Friday, January 6, 2017

What Does It Mean Anyway?

I think certain significant experiences define most families. My husband's family, I believe, was largely defined by its three-year sojourn in France in the late 1970's. The title of this blog, Just Allez, is a beautiful example of "franglais," the special form of not quite French, not really English either, that Bob, my late and great father-in-law spoke. Enough people have asked me about the blog's title so I thought it time to tell the story behind it. Because there is always a story.

Bob never managed in French, as Jeanne, my mother-in-law likes to say. That's sort of an understatement, even though Bob loved all things French. He loved the food and the culture; the art and the architecture.  He loved Paris, his adored second city. He also loved the language, except for the fact that he could not exactly "parler en francais," even though he fancied himself somewhat fluent.
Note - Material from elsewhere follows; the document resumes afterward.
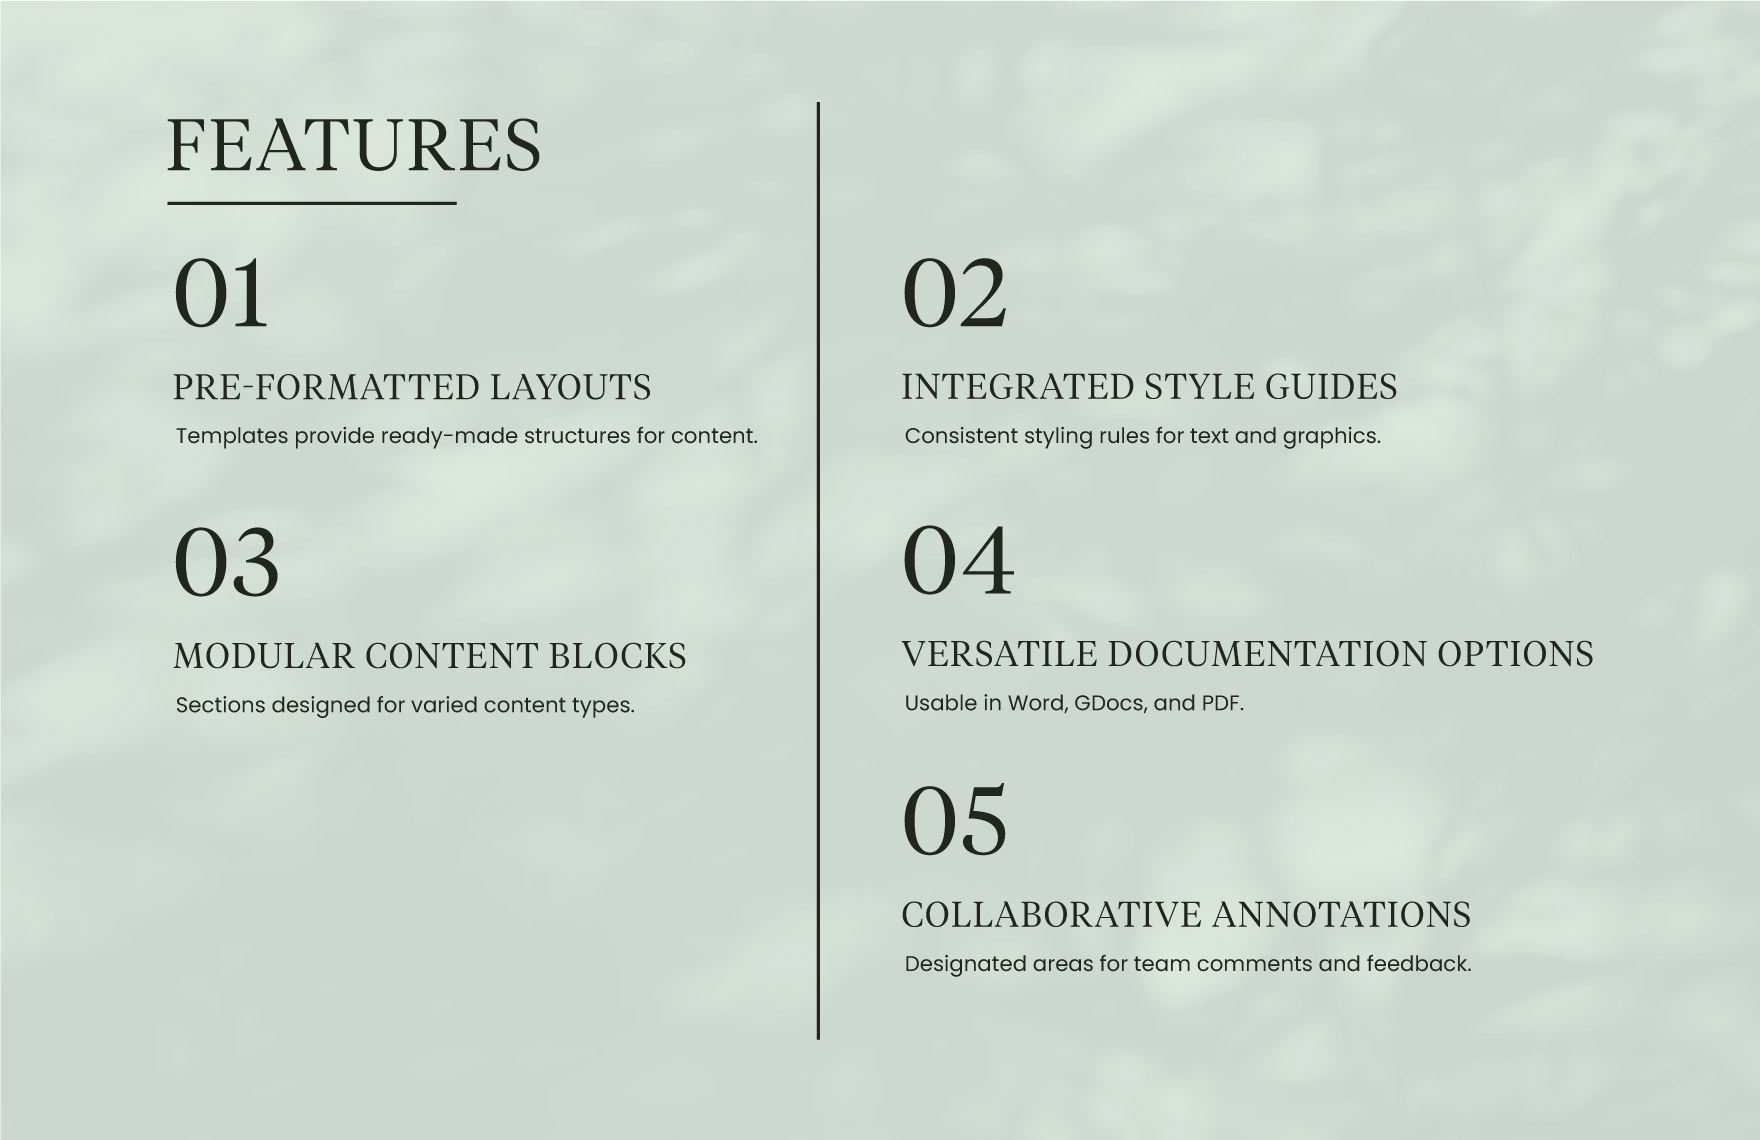 School Content Style Guide Template

 To illustrate the point, let me take you to a family of seven traveling together in 1979 or 1980 (who really knows at this point) from Venice (could have been Rome, too), where they had been on holiday, to France in a Peugeot 504 familiale wagon. That is a generous name for a small car (with no air conditioning or radio) filled with Bob and Jeanne and their five sons, including my husband who would have been about 13 and his brothers who would have ranged in age from 6 to 14, and their luggage.  I imagine it was a bit like those clown cars at a circus.

As the story goes, Bob, who was driving the clown car, arrived at a tunnel through the Alps to France with a toll, of course. Bob stopped the car at the toll, and the toll taker -- long before automated tollbooths or EZ Pass -- asked, "Monsieur, voulez-vous seulement 'allez' ou 'allez et retour'?" "Sir, would you like a one-way toll or a round-trip toll?" The more literal translation is "Are you "going" or "going and returning?"
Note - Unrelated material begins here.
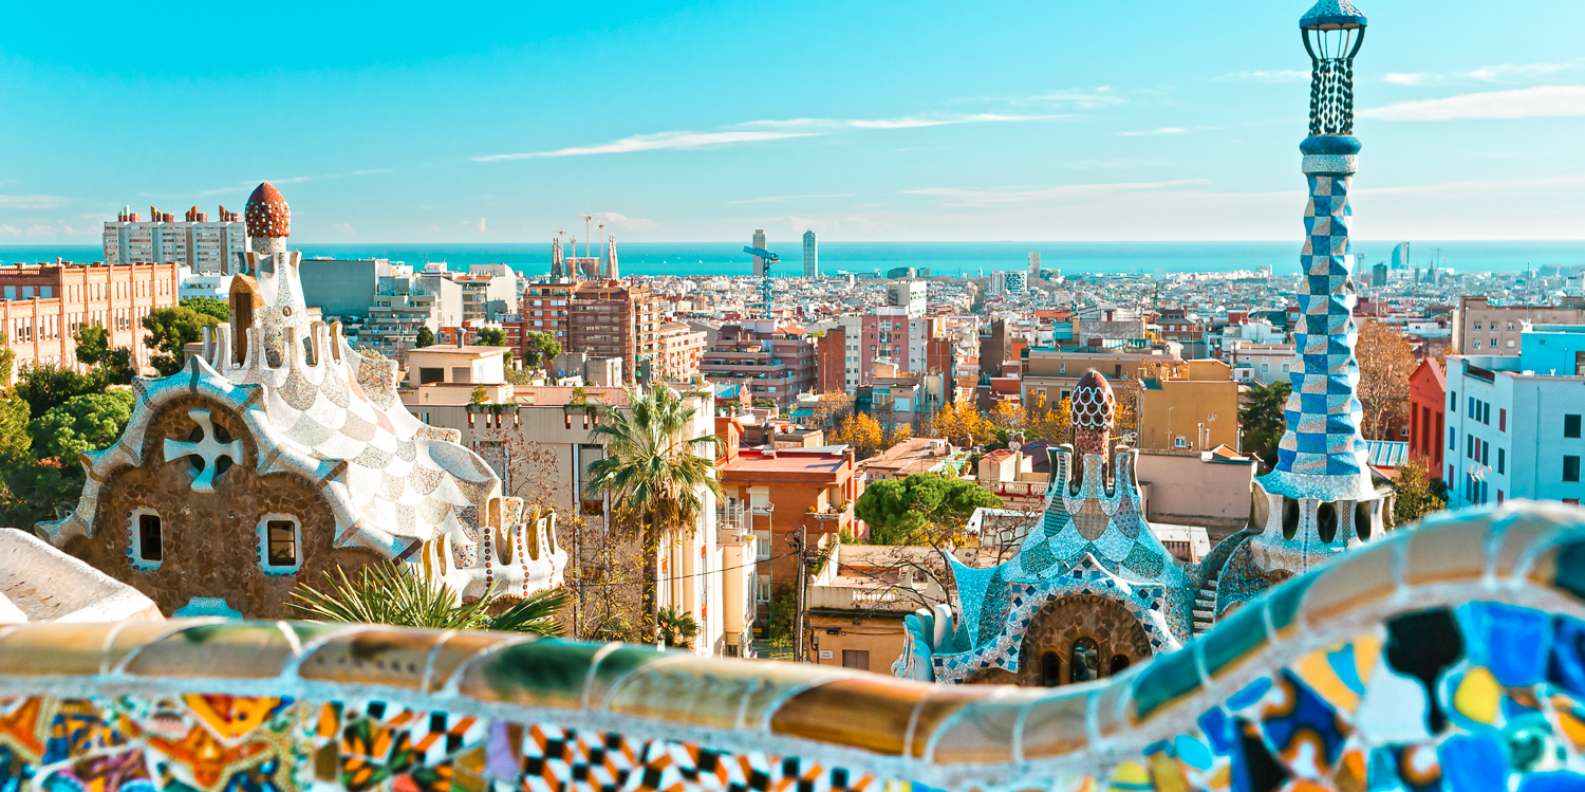 Colourful image of Barcelona

Now, if you are truly bilingual, you can automatically switch gears from one language to another and speak and think in that language without -- and this is the key -- simultaneously translating. The rest of us need to translate, however. If you have ever tried to parler in another language, via translation, you also may have experienced that truly horrifying instant when your mental dictionary slams shut, and you cannot remember the words to use.
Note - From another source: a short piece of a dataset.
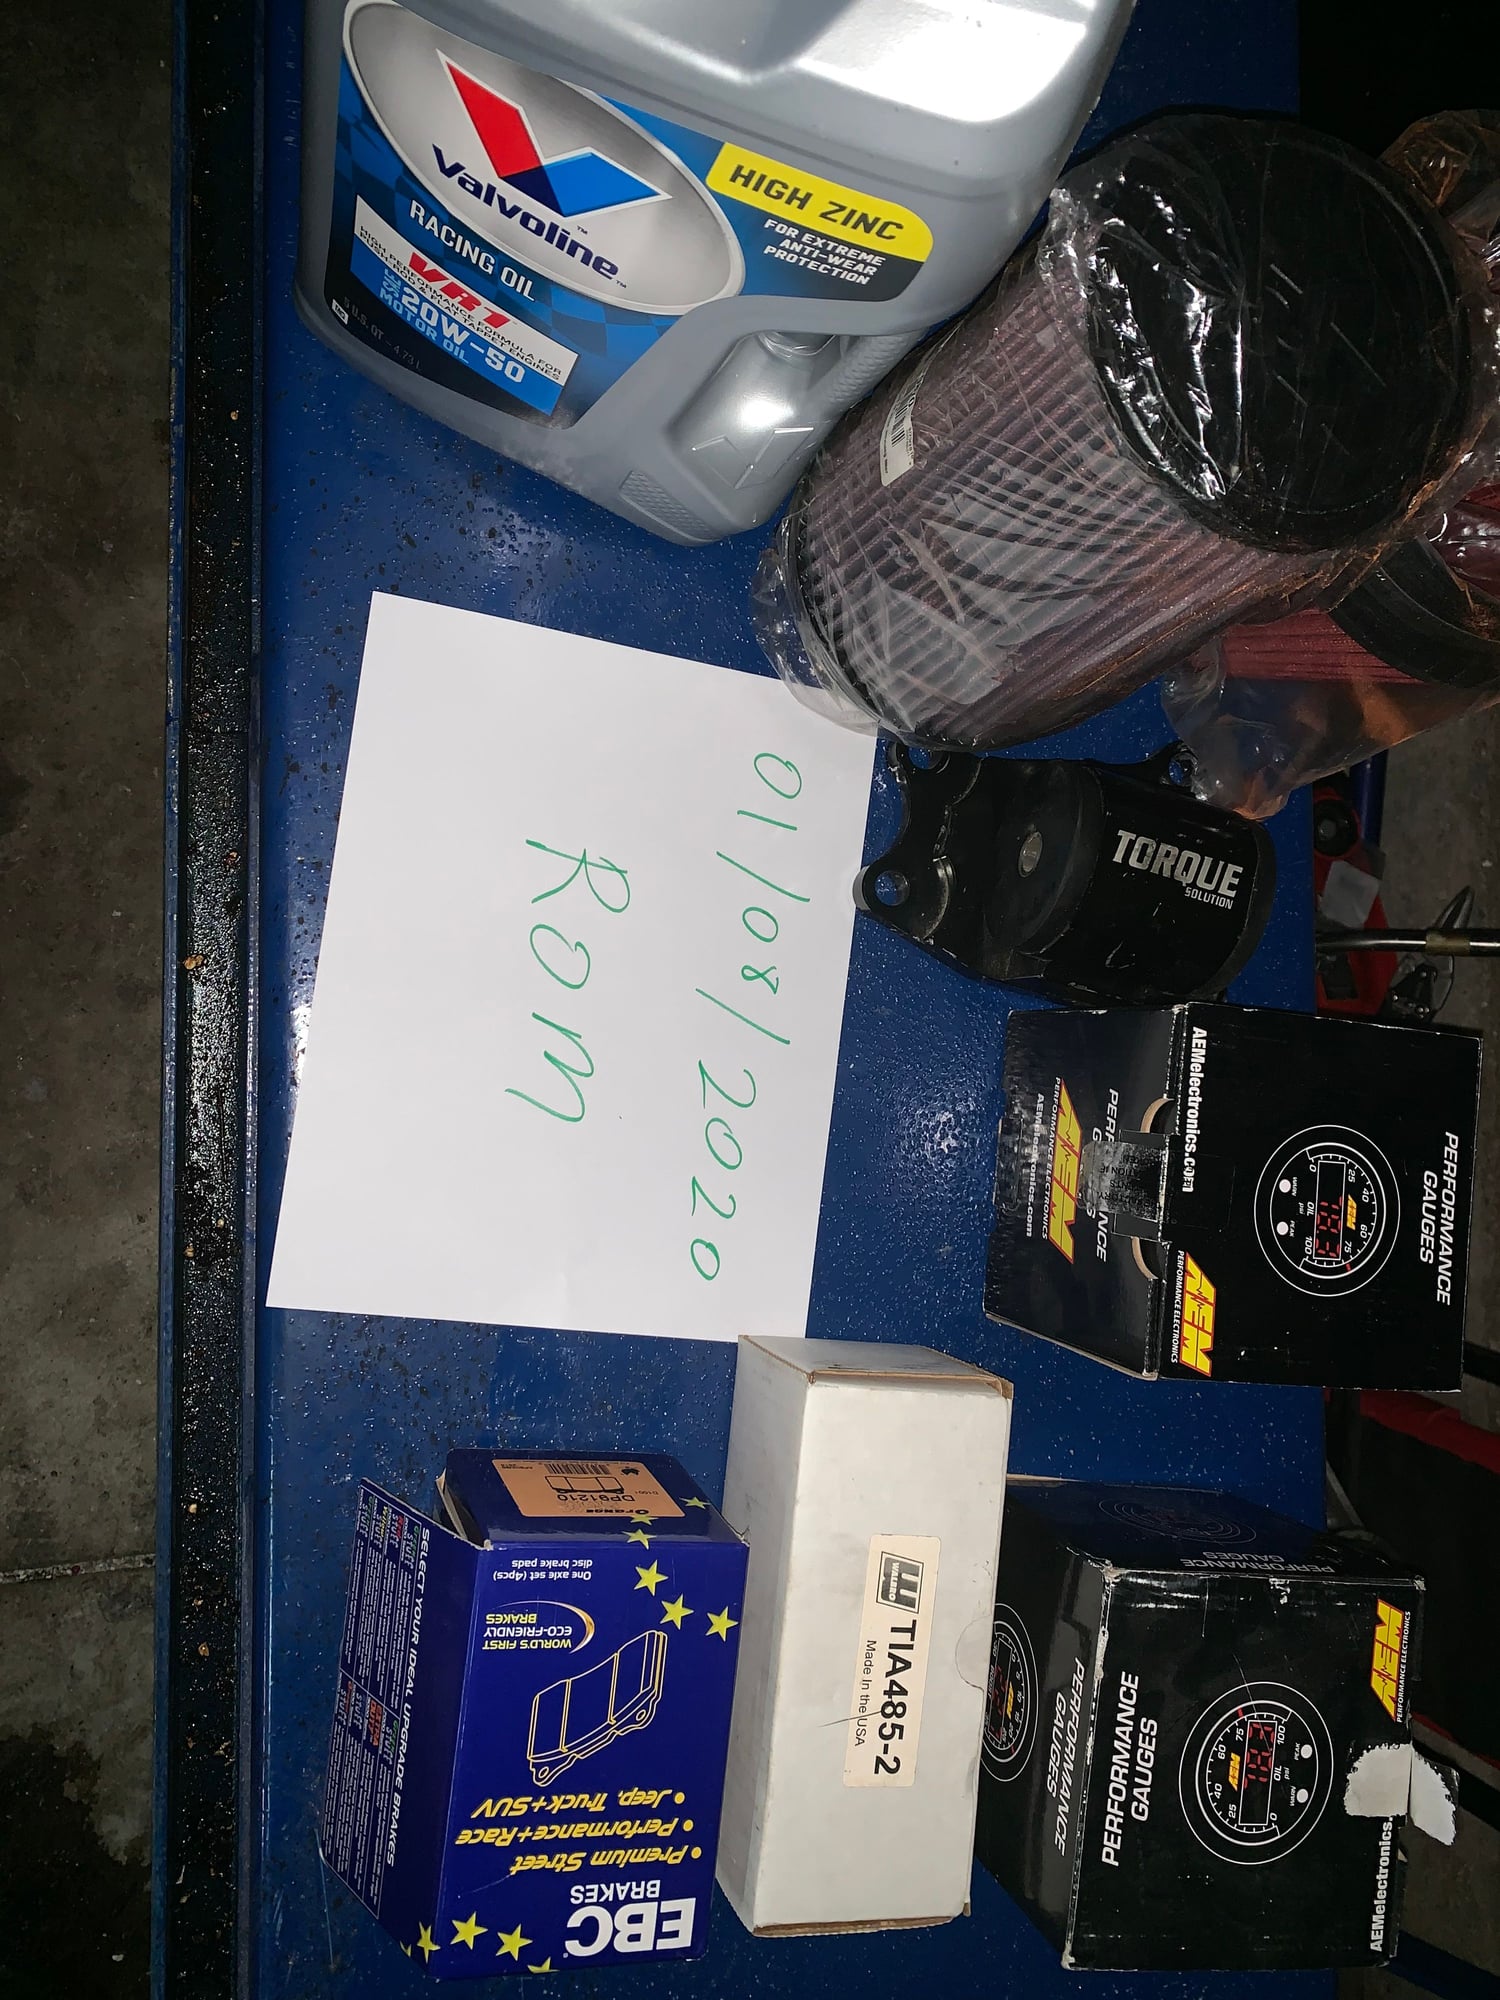 Miscellaneous - Garage cleanout - brand new items! - New - Santa Clara, CA 95054, United States

I believe that this is what happened to Bob at that moment when the toll taker asked "Allez ou allez et retour?" Yet, without missing a beat, legend has it, Bob replied, "Just allez!" He paid the one-way toll and rolled on through the Alps to France, while Jeanne and his sons spasmed with laughter.  "Just allez" became a commonly used franglais expression in the Corrigan home evermore. "Where are you going?"  "Oh, we are just allez-ing to the bakery." "We are just allez-ing to the movies." The boys rode Bob about this for years.

That's the story, as told to me, and I am sticking with it. Because sometimes all you can do is keep going!